By the time I was 15, my same-sex attraction was punching me in the face, and still I covered the black eye with make up and pretended nothing was happening. My high school best friend had dirty blonde hair, like a wet beach on a muggy afternoon, and dainty freckles along the bridge of her nose. The very first time she asked to kiss me, we were day-drunk and sweating, sitting on a curb in the suburbs, clutching water bottles of dark liquor. It was tactile and romantic and then it was brand new and erotic, our fingers combing through each other’s hair, her hand then guiding me to a secluded spot in the woods behind her house. She slipped her fingers beneath my panties and smiled mischievously, her pointer finger entering my body as if it had always been her home. It felt good the way fast food, cigarettes, and substance abuse felt good. From that moment, I knew that I would never want it in moderation, but I also felt like it was something I wasn’t supposed to be doing. At the time, it seemed to me that if I considered the things that we did to be in ‘true homosexual’ context rather than writing them off as ‘kids messing around,’ then I was somehow lying about my identity to my various male partners, as though I owed them an explanation or a warning that this was a part of me, too. 

However, when phrases like,  “Mer, can I kiss you?” became “No one on this earth will ever get me the same,” I was in denial.  I think she and I were both terrified by our partnership, the boundary blurring the inseparability that made us the main characters in one another’s lives. We travelled together, gave each other matching tattoos, white-knuckle gripped each other’s frail bodies as respective, tumultuous mental health scares began to topple through our adolescence like dominos. 

We’d kiss at concerts, fuck in fitting rooms, and when she had sex with her first boyfriend, she asked me to join. When her second boyfriend turned his head for two seconds, we’d make out in the very same room, careful not to be caught. And of course, she despised my boyfriend as well. 

It was when I met a girl who made me feel INSANE at writing camp that I couldn’t sit around and play dumb to my own intuition anymore. She had this raspy voice and perfect winged eyeliner and an eyebrow piercing.
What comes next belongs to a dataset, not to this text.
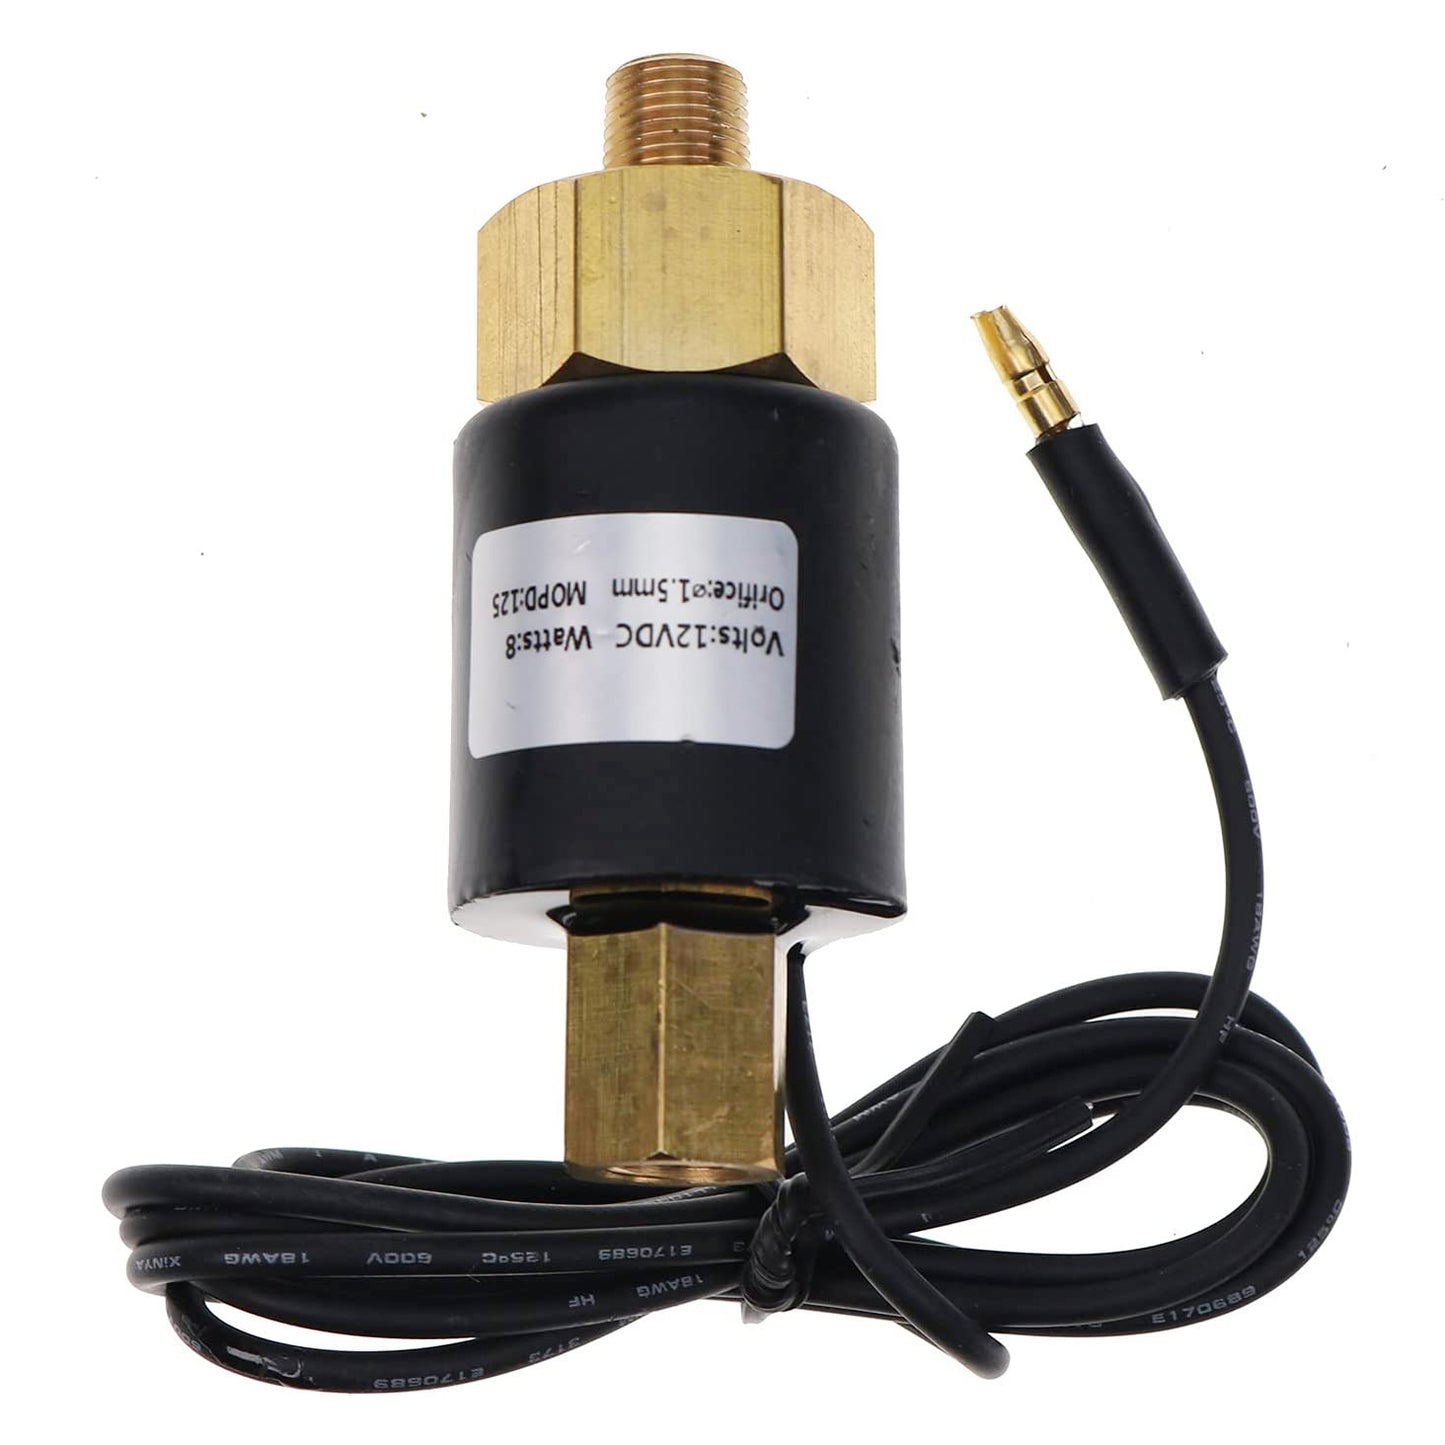 New Disc Brake Solenoid XF-205A Compatible with Dexter Tie Down Engineering Brake Actuator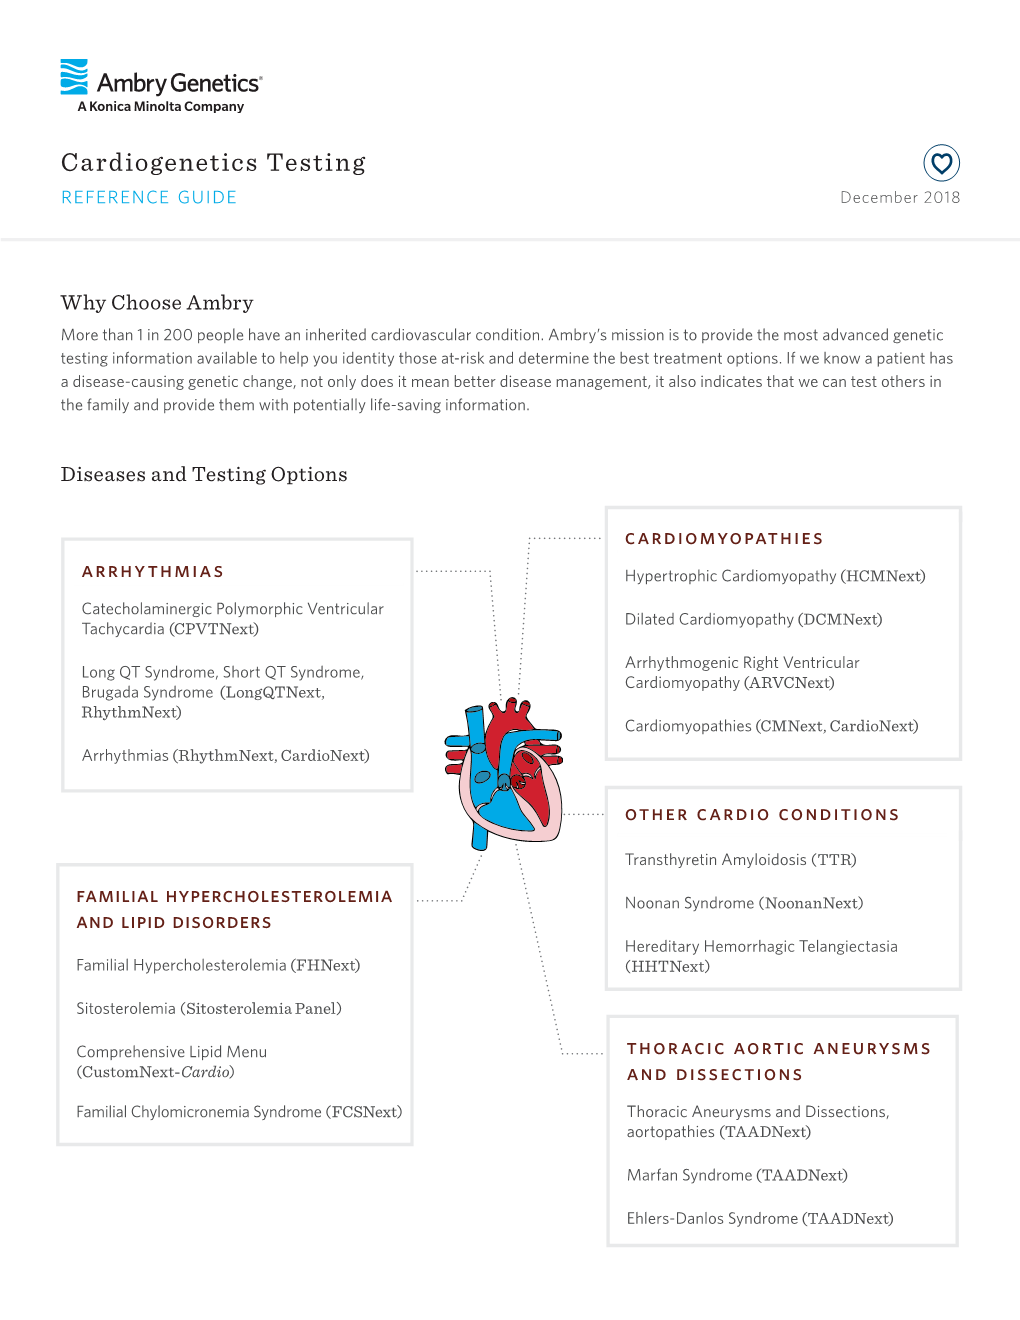 Cardiogenetics Testing Reference Guide December 2018

As soon as she introduced herself and demanded that someone “help her find a cigarette in this god-forsaken place,”  I knew that I had the kind of feelings that hurt your head and turn your stomach and make you feel strange euphoria at the same time. Like amphetamines. She sounded like sandpaper and would call me things like “Honey” and “Love” in a warm, slightly southern drawl.  We did everything together: sat on each other’s laps, maintained a sickening show of PDA, showered, ate, wrote love letters. When we finally had to go our separate ways, even having known each other for such a short time, I remember feeling like the potential for a great love had been squashed, which burned like sand in my eyes and an esophagus raw from screaming. 

And then there was the time that I cheated on my boyfriend with a lesbian on a school trip to England. She was masculine and confident in a way that made me nervous. She said, “I wonder if I can make you cum better than him,” and I said, “Okay” and then we spent two weeks holding hands and skipping through the hills of England, writing journal entries about one another. Then, she asked me to prom.

I’ve always been pretty carefree when it came to acts of “rebellion” or going against the grain so it’s strange that it took what felt like an infinity of experience and growth for me to get comfortable with the label of bisexuality. I had to get rid of the notion that my capacity to love outside of one gender was somehow “wrong.” I now realize it’s not something I’m supposed to justify. Dating in your twenties is about feeling hot and having fun and seeing if you accidentally stumble into something that feels genuine and explosive and purposeful, not about explaining what’s on your name tag. Openly embracing my bisexuality is a radical act of not giving a fuck, which has always been the fuel that I’ve needed to enjoy a liberated, happy life.